■ REQUIRED ACTION: Range to copy from the entries below: the line containing "Toner Brother TN-416C" through the line containing "Copo de Água ou Suco Cilindro 200ml", inclusive. Retype only those lines, exactly, without any images.

■ THE DATA:

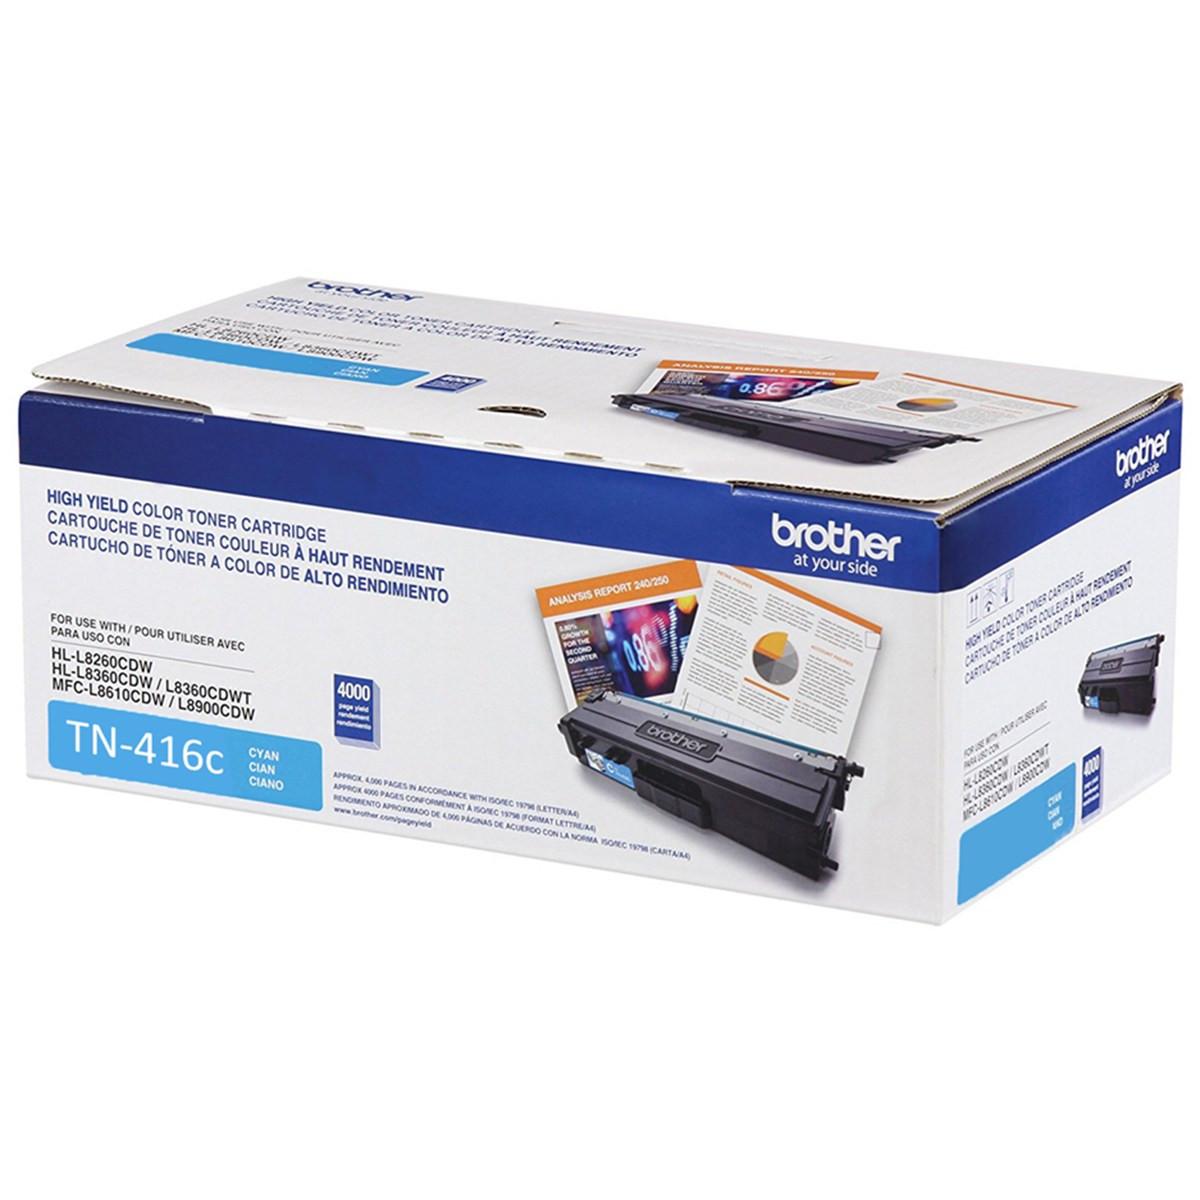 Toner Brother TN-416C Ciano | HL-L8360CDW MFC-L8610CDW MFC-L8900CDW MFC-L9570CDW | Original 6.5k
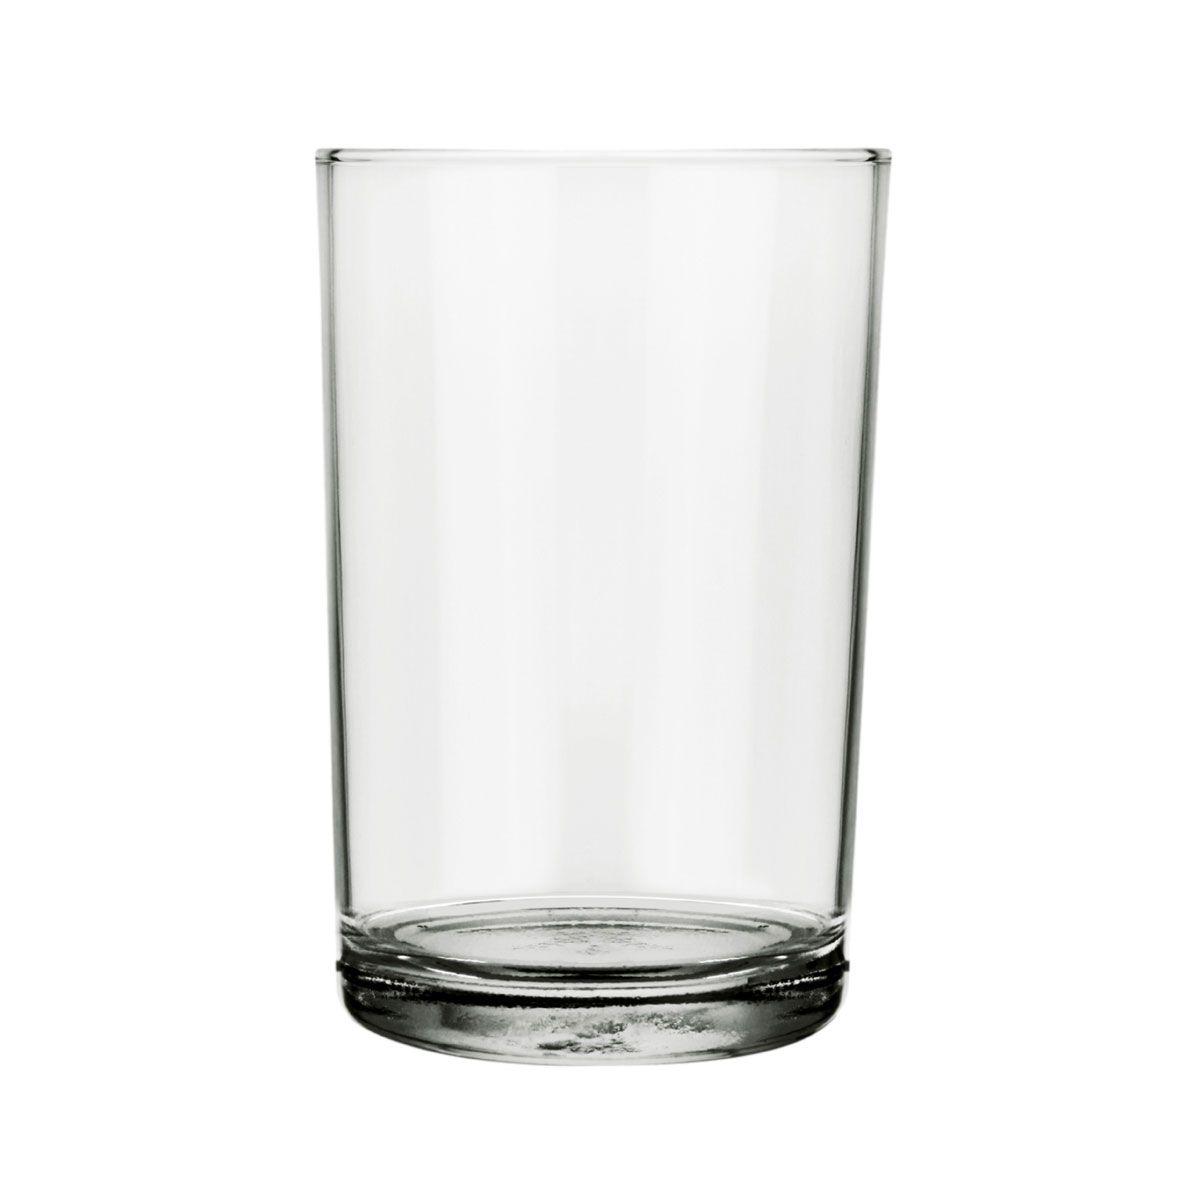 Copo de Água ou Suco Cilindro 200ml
...
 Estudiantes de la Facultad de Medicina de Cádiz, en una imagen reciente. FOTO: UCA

■ RESULT:
 Toner Brother TN-416C Ciano | HL-L8360CDW MFC-L8610CDW MFC-L8900CDW MFC-L9570CDW | Original 6.5k
 Copo de Água ou Suco Cilindro 200ml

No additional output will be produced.